[Start of Attachment]
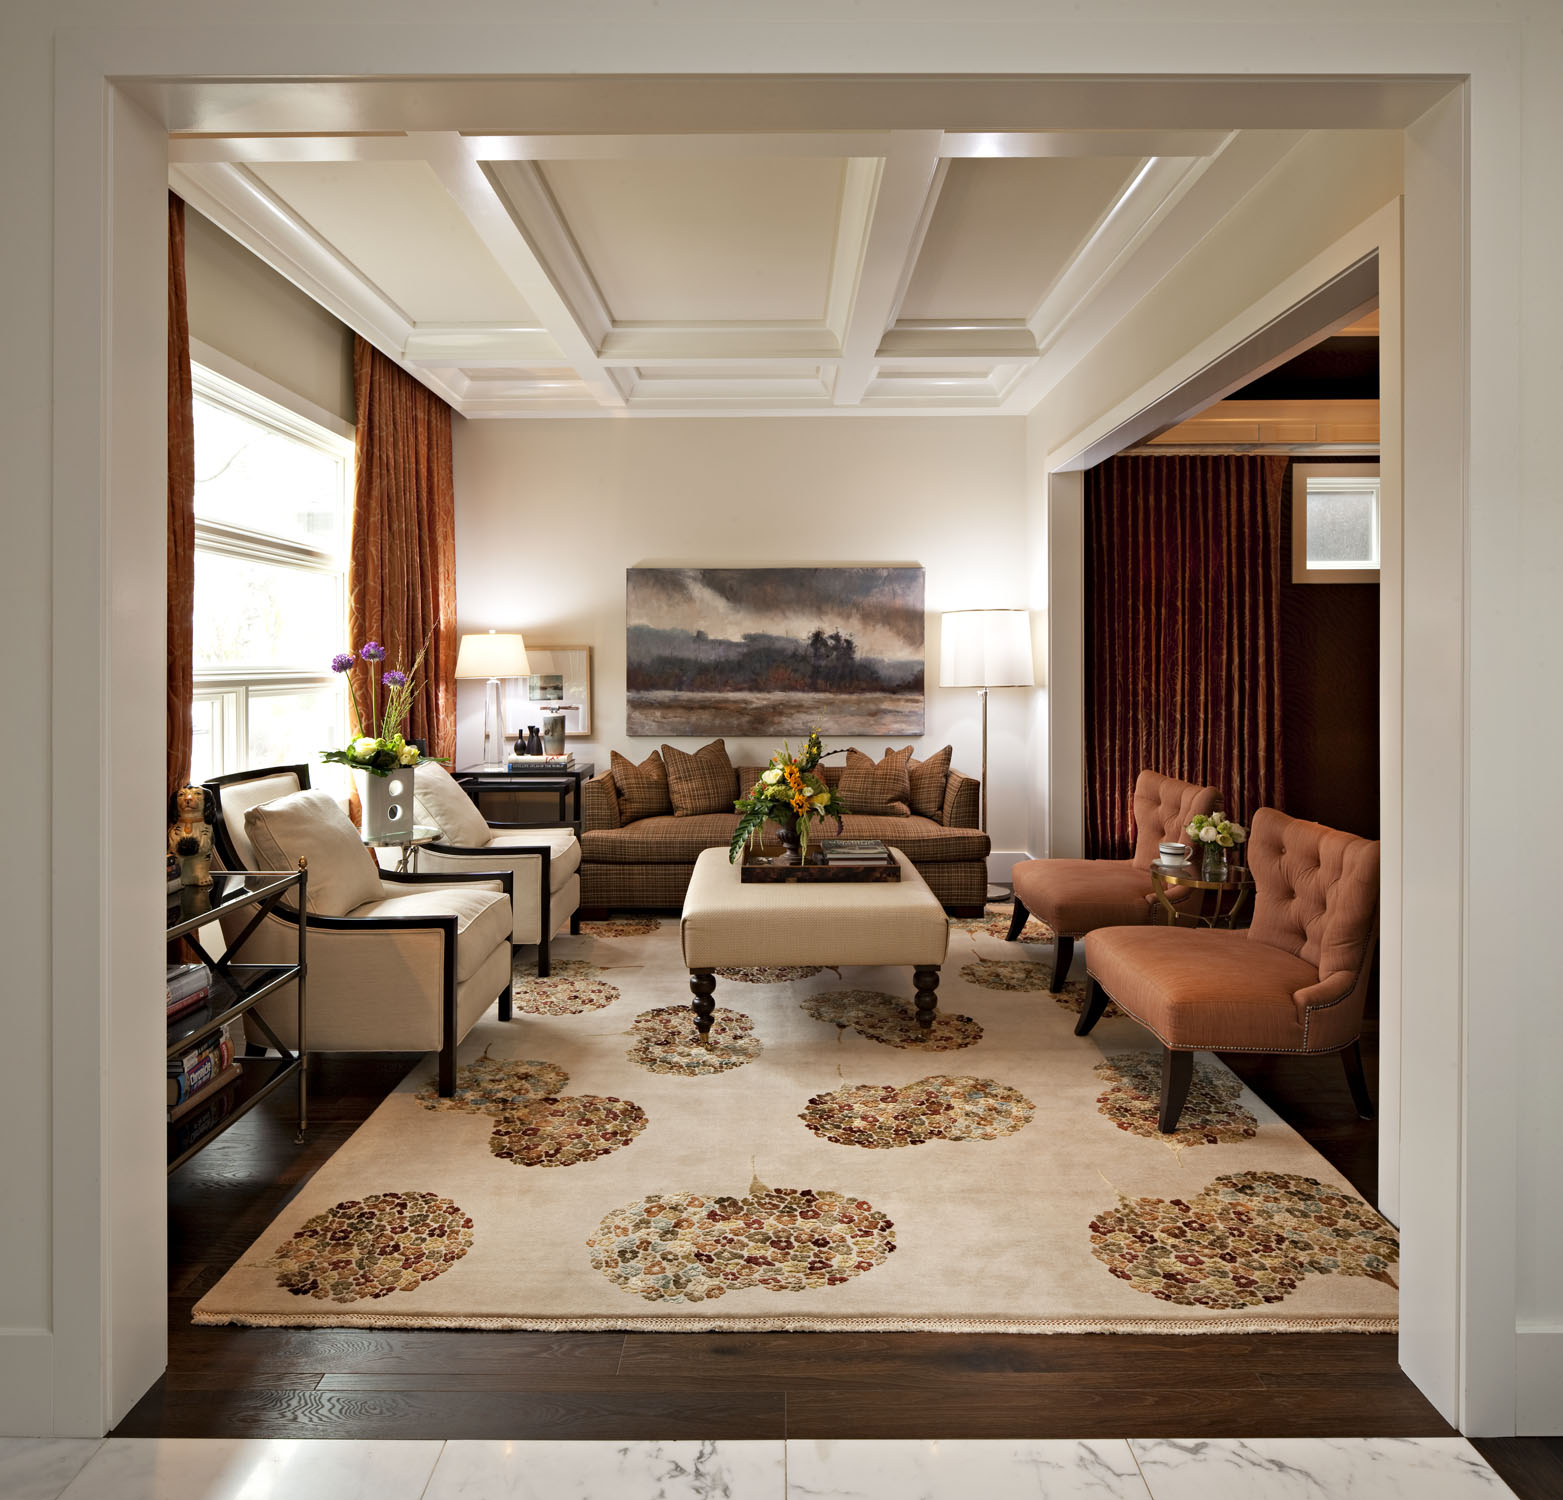 Luxury spanish syle living room with two brown chair and white rug
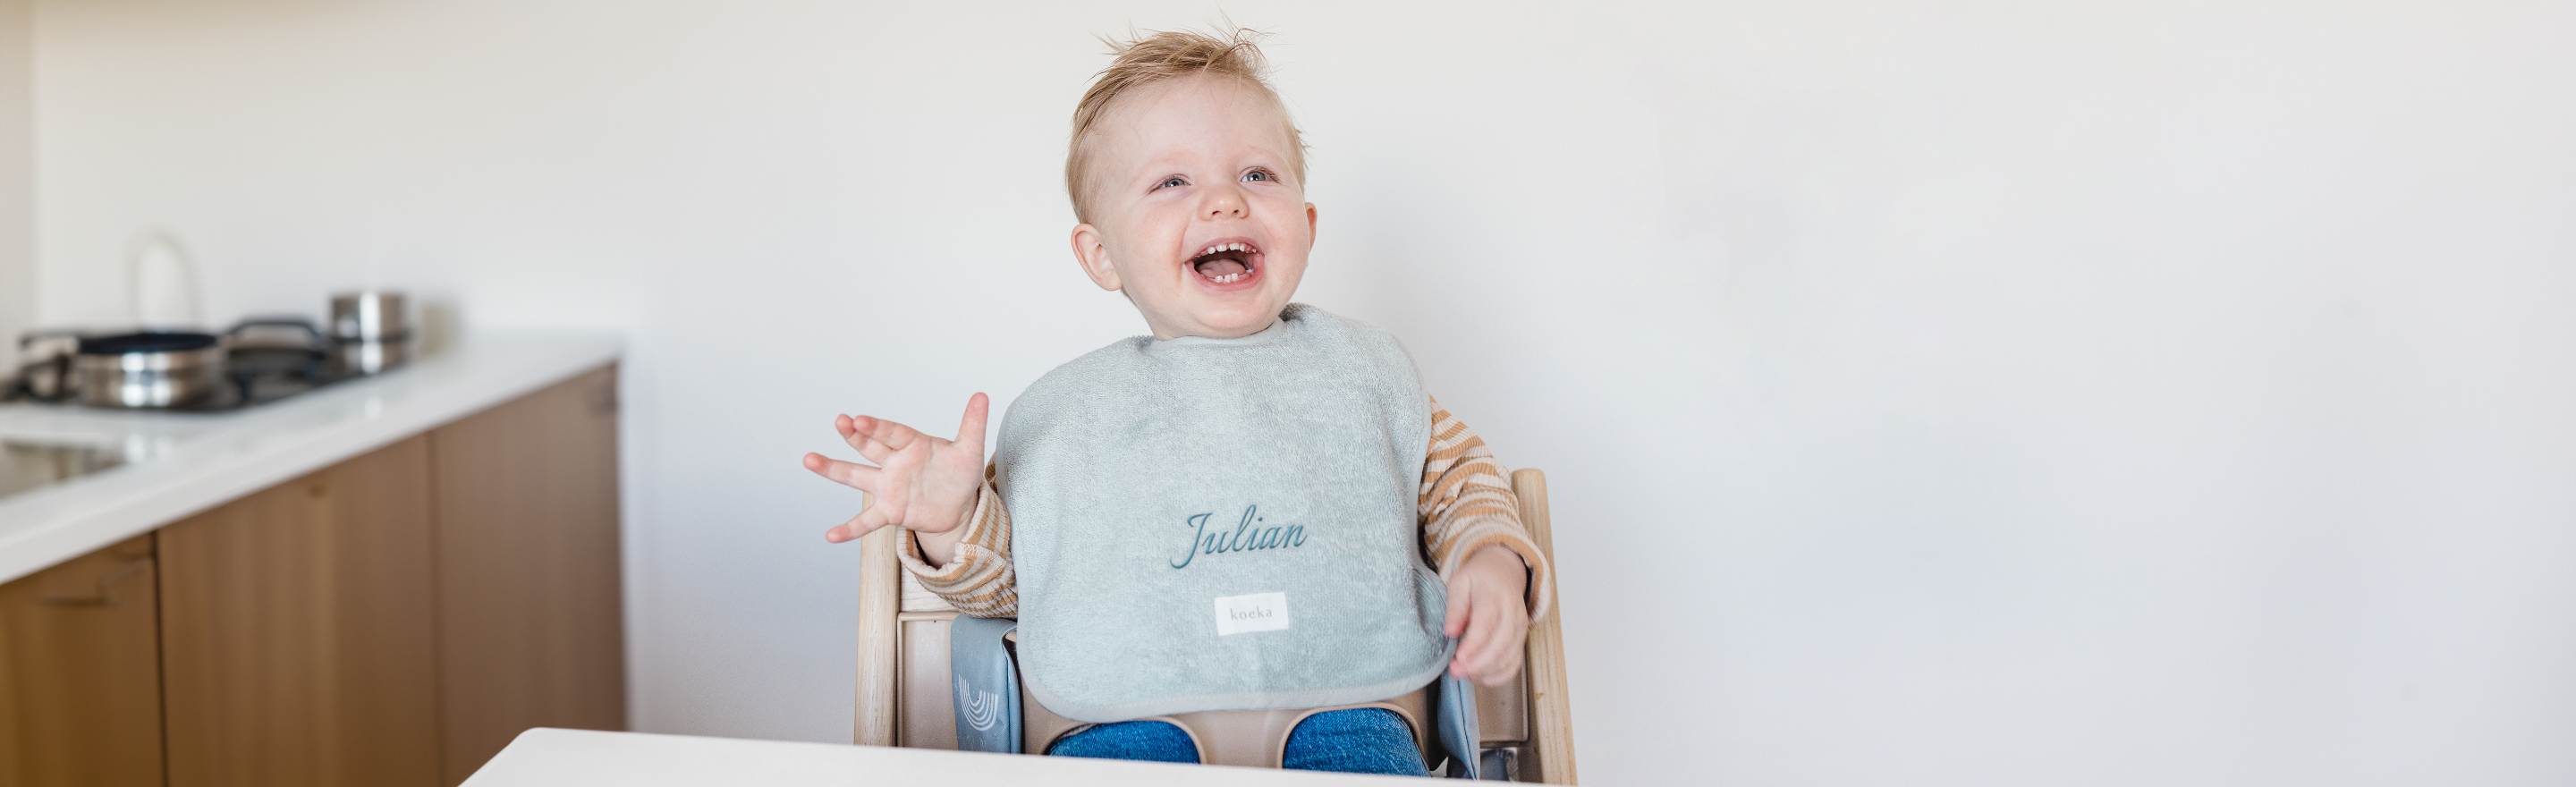 Personalised Gifts for Boys
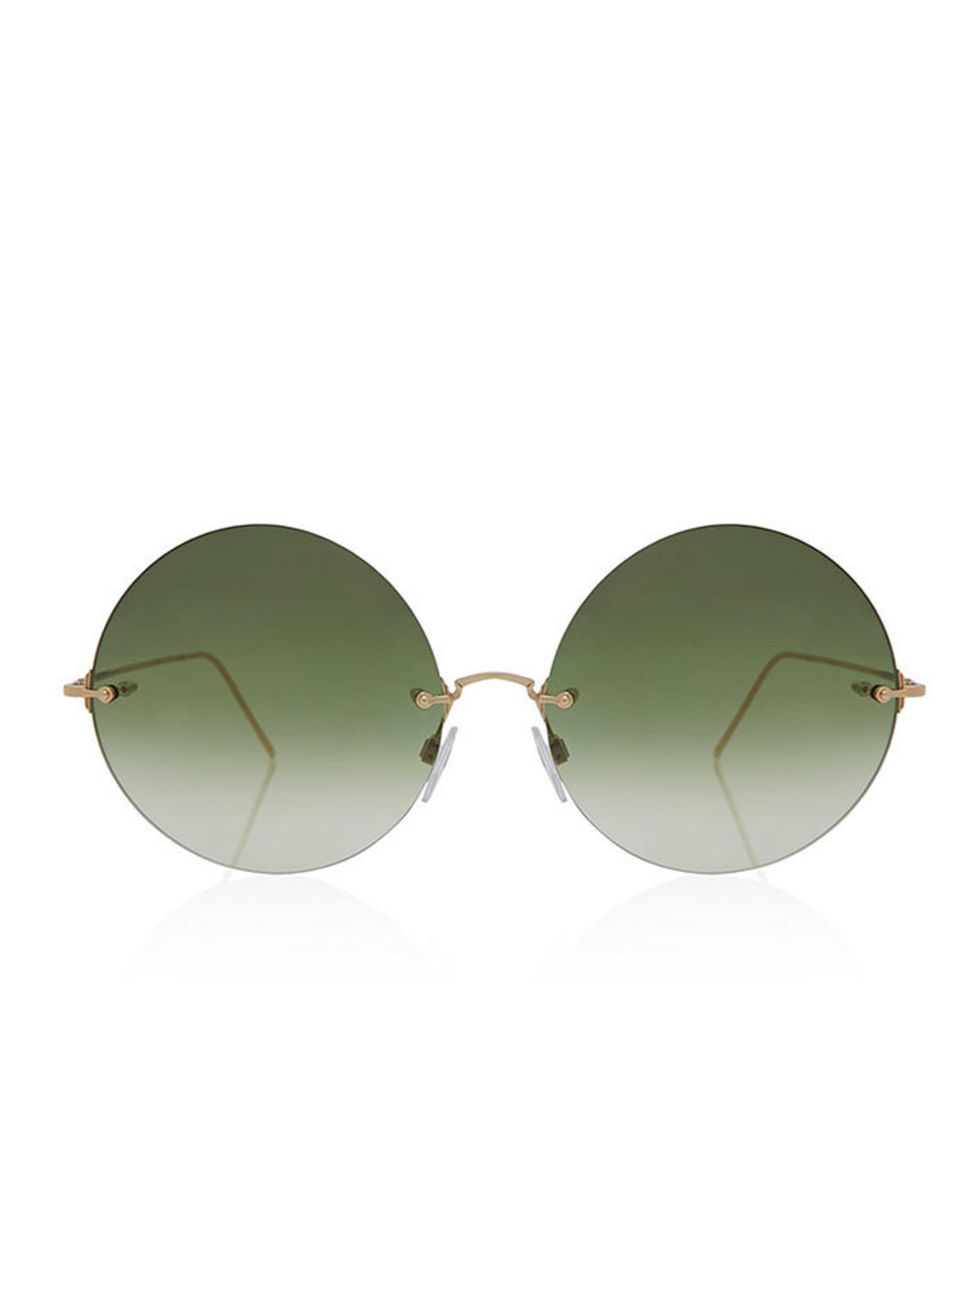 <p>All Rounders .. </p>

<p> </p>

<p> <a href="http://www.liberty.co.uk/fcp/product/Liberty//Khaki-Large-Round-Rimless-Sunglasses/112111" target="_blank">Victoria Beckham</a> Sunglasses £350</p>
[End of Attachment]
**Try it**
An exact reproduction of the data is needed, with no pictures included.

**Task response**
 Luxury spanish syle living room with two brown chair and white rug
 Personalised Gifts for Boys
 <p>All Rounders .. </p>

<p> </p>

<p> <a href="http://www.liberty.co.uk/fcp/product/Liberty//Khaki-Large-Round-Rimless-Sunglasses/112111" target="_blank">Victoria Beckham</a> Sunglasses £350</p>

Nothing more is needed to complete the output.